Ему не поверили, а он не стал спорить — больно было говорить.
Вернулся Малявка с пучком широких листьев и приклеил их ко всем синякам и ссадинам. Конопатого накрыли тряпьём. Он пригрелся и заснул. Беспризорники сидели вокруг, молчали, и каждому почему-то припомнилась своя короткая и такая несчастная жизнь.
Только Мика думал о другом. Беспризорников из Читы уводить нельзя: Конопатый не может сейчас отправляться в трудную дорогу. Не бросать же его здесь одного! Как же быть? Что бы сделал отец? Отменил бы свой приказ или нет? Наверно бы отменил! Да и опасность, вроде, миновала. Конопатого отпустили — значит, и других, мальчишек искать не будут. Можно переждать несколько дней. А пока надо подготовить беспризорников к переселению. Момент для решительного разговора, к которому Мика готовился давно, был подходящий. Он оглядел мальчишек.
Свечка скупо освещала невесёлые задумчивые лица. Снаружи завывал осенний ветер. Сквозняк раскачивал жёлтый язычок пламени. По стенам котельной метались большие косматые тени. Было тоскливо и холодно. А мальчишкам хотелось хоть чуточку тепла и ласки. Но впереди ничего этого не было видно, и они старались не думать о будущем.
Они думали о прошлом, о том далёком прошлом, в котором у каждого осталось что-то хорошее, казавшееся теперь сказочно прекрасным. Был дом, была своя кровать, были заботливые руки матери и были руки отца — сильные и добрые. Где все это? Куда исчезло?
— У меня мама ещё при царе умерла, — неожиданно произнёс Мика. Он отгадал, о чем думают ребята.
— А у меня обоих нету, — отозвался Малявка. — Они врачами были… Спрятали раненого партизана, а семеновцы пришли — и все… Мы на берегу жили… На обрыве расстреляли… И в воду…
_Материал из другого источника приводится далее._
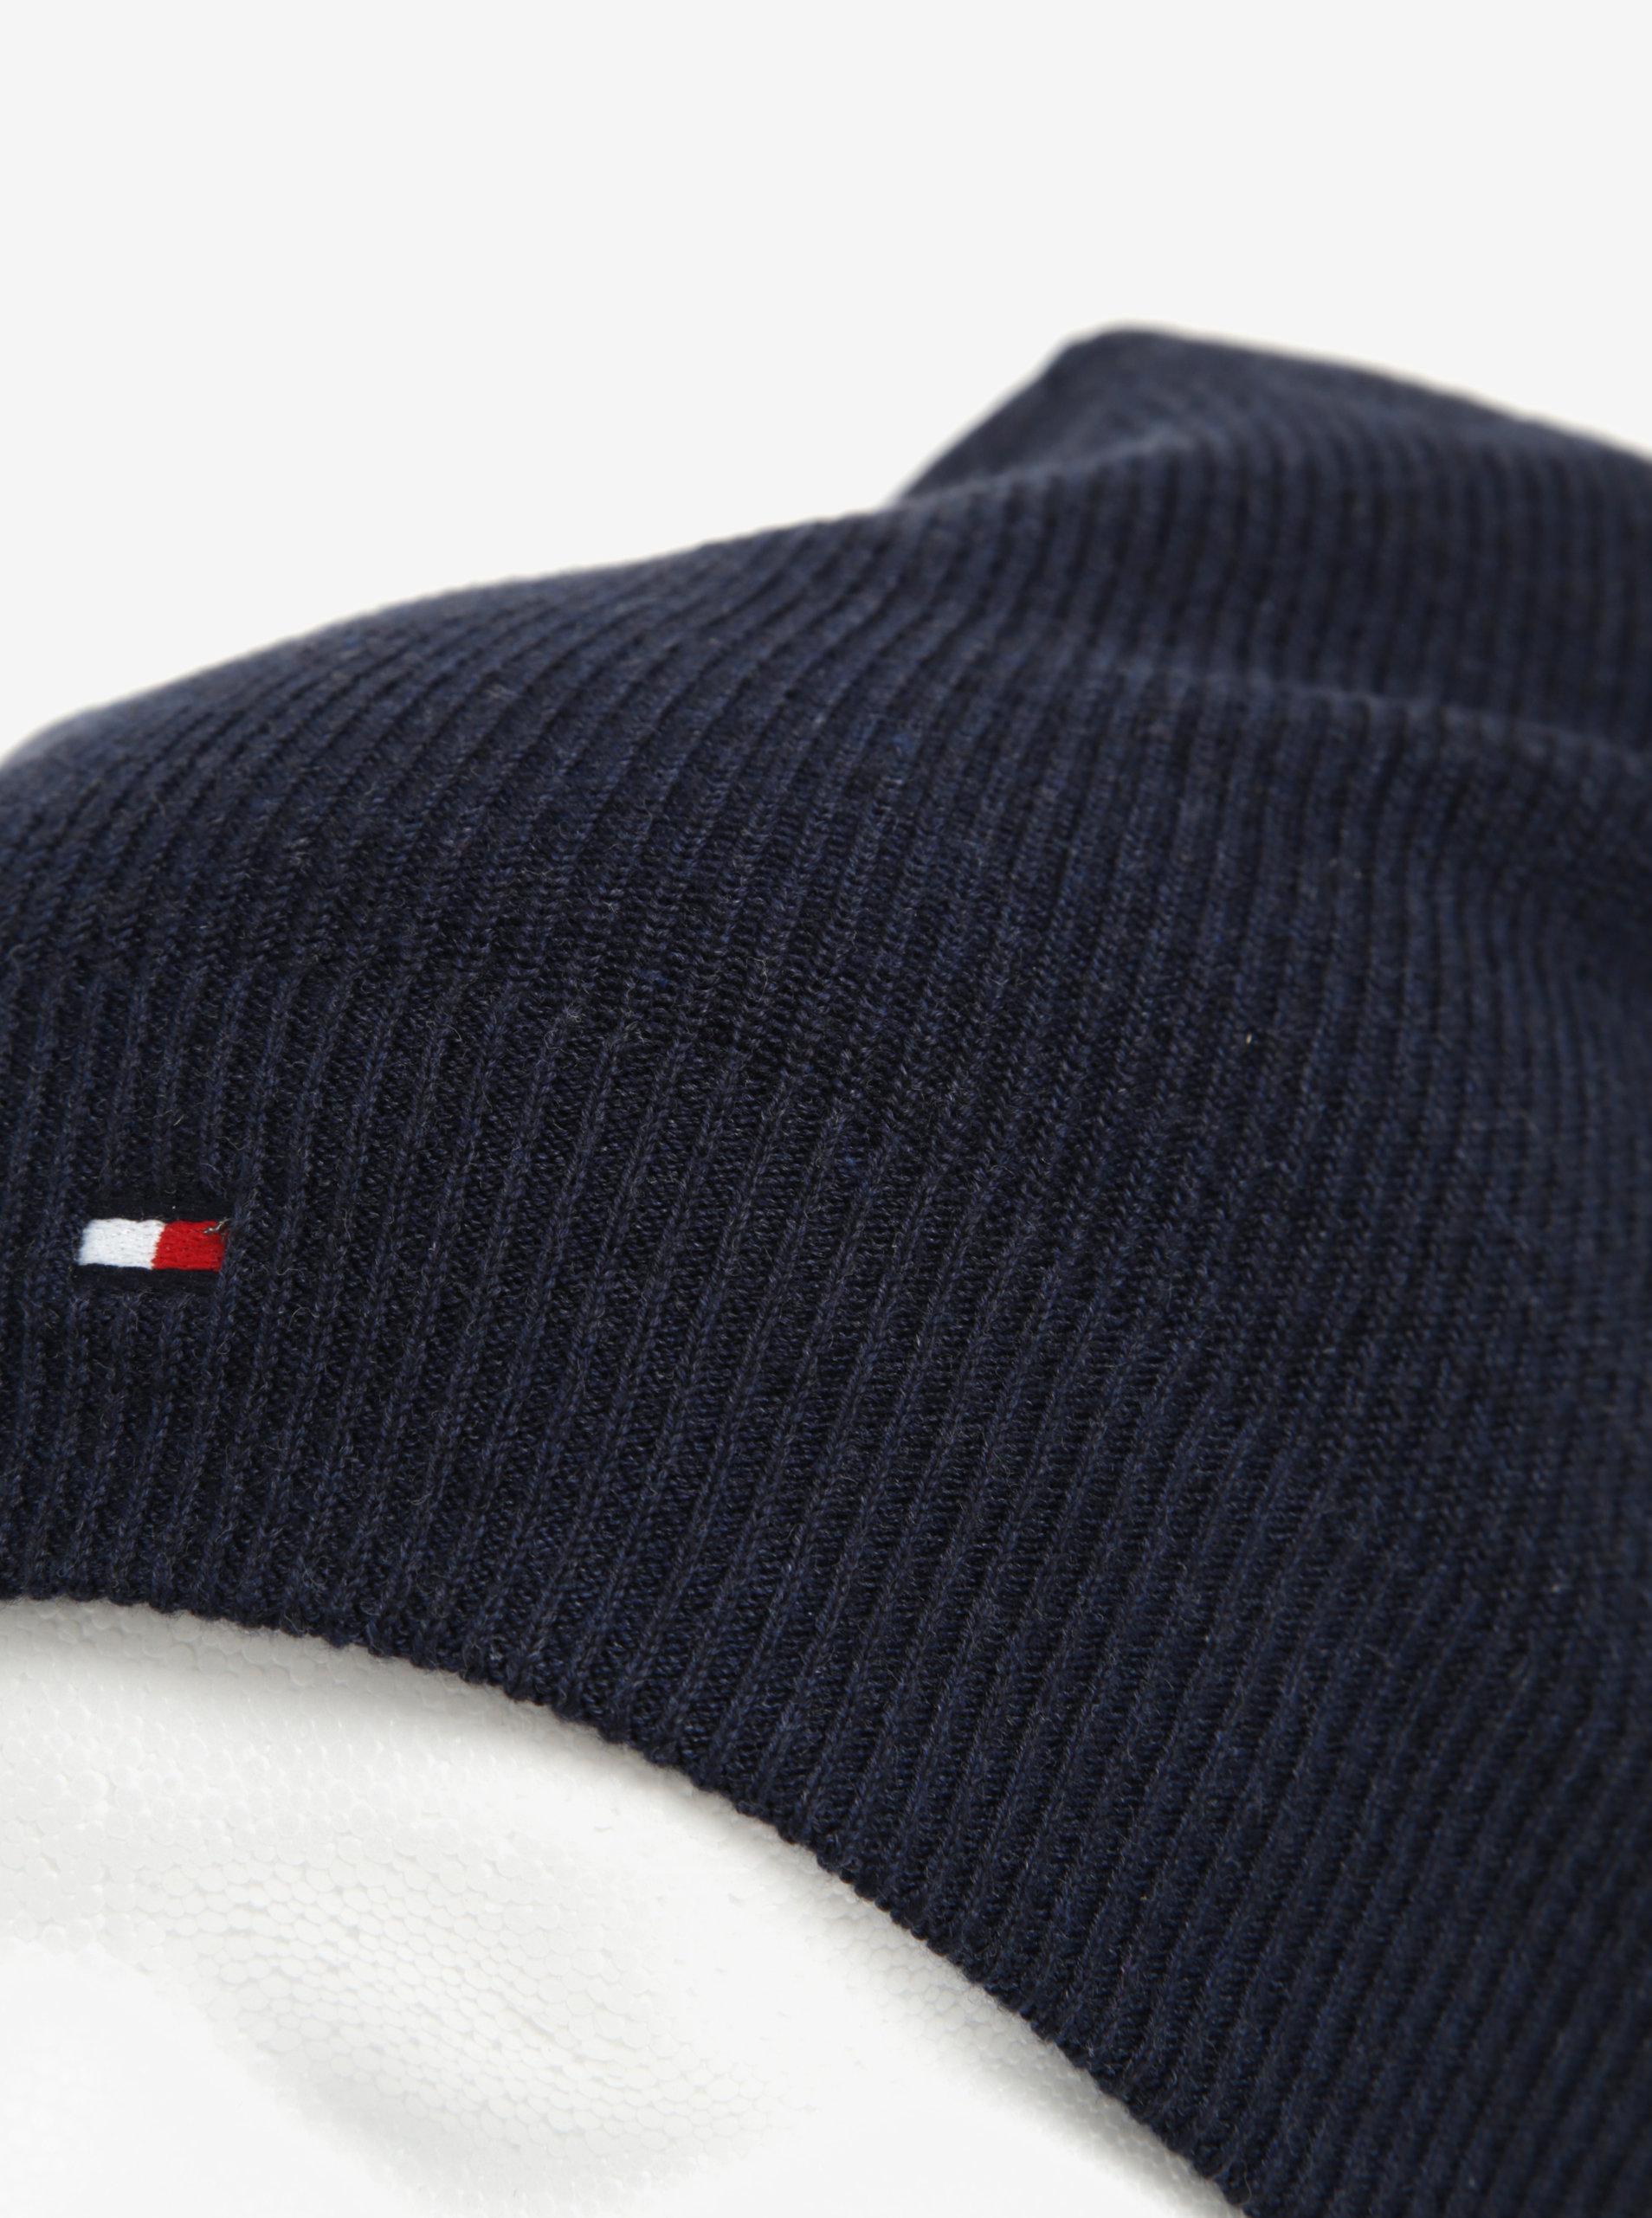 Tmavě modrá pánská čepice Tommy Hilfiger ... 5c49de616e

— Кому ещё навредили семеновцы? — спросил Мика.
Сразу заговорили несколько мальчишек.
— Руки! — крикнул Мика. — Поднимайте руки!
Поднялось несколько рук.
— А унгерновцы кому?
Ещё поднялось три руки.
— А японцы?
Растопырив пальцы, вытянул руку Хрящ.
— А каппелевцы? — продолжал опрос Мика и подсчитал руки: — Пять!.. А Колчак?
Пострадавших от Колчака было больше всего.
— Ничего себе счетик, — сказал Мика и задал самый главный вопрос, ради которого он и затеял весь этот разговор: — А кого большевики обидели? Есть такие?
— Есть!
Все повернулись к одному из телохранителей Хряща.
— Врёшь! — крикнул Мика и подскочил к парню. — Говори честно!